**What is expected**
Copy each record below without changing a single word.

**Data excerpts**
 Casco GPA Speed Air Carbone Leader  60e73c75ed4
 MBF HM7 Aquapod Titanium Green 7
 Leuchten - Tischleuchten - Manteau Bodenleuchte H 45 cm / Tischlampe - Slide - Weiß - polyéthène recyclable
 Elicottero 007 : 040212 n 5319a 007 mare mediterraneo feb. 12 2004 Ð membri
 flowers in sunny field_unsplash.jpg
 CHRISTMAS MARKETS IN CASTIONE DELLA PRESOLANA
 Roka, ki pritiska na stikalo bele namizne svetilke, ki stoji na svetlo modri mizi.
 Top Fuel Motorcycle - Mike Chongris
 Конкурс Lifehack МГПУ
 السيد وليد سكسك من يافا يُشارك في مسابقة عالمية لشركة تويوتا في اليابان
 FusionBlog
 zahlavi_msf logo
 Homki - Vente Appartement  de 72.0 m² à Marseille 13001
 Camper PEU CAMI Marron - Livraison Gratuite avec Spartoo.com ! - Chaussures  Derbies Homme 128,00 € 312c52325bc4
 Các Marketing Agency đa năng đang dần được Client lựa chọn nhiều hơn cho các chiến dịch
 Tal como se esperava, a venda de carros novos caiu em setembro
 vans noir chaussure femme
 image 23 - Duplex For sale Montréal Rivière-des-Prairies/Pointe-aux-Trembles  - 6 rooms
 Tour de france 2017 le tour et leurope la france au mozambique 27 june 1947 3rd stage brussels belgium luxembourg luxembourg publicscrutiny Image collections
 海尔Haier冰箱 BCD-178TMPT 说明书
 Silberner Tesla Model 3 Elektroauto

**Solution**
 Casco GPA Speed Air Carbone Leader  60e73c75ed4
 MBF HM7 Aquapod Titanium Green 7
 Leuchten - Tischleuchten - Manteau Bodenleuchte H 45 cm / Tischlampe - Slide - Weiß - polyéthène recyclable
 Elicottero 007 : 040212 n 5319a 007 mare mediterraneo feb. 12 2004 Ð membri
 flowers in sunny field_unsplash.jpg
 CHRISTMAS MARKETS IN CASTIONE DELLA PRESOLANA
 Roka, ki pritiska na stikalo bele namizne svetilke, ki stoji na svetlo modri mizi.
 Top Fuel Motorcycle - Mike Chongris
 Конкурс Lifehack МГПУ
 السيد وليد سكسك من يافا يُشارك في مسابقة عالمية لشركة تويوتا في اليابان
 FusionBlog
 zahlavi_msf logo
 Homki - Vente Appartement  de 72.0 m² à Marseille 13001
 Camper PEU CAMI Marron - Livraison Gratuite avec Spartoo.com ! - Chaussures  Derbies Homme 128,00 € 312c52325bc4
 Các Marketing Agency đa năng đang dần được Client lựa chọn nhiều hơn cho các chiến dịch
 Tal como se esperava, a venda de carros novos caiu em setembro
 vans noir chaussure femme
 image 23 - Duplex For sale Montréal Rivière-des-Prairies/Pointe-aux-Trembles  - 6 rooms
 Tour de france 2017 le tour et leurope la france au mozambique 27 june 1947 3rd stage brussels belgium luxembourg luxembourg publicscrutiny Image collections
 海尔Haier冰箱 BCD-178TMPT 说明书
 Silberner Tesla Model 3 Elektroauto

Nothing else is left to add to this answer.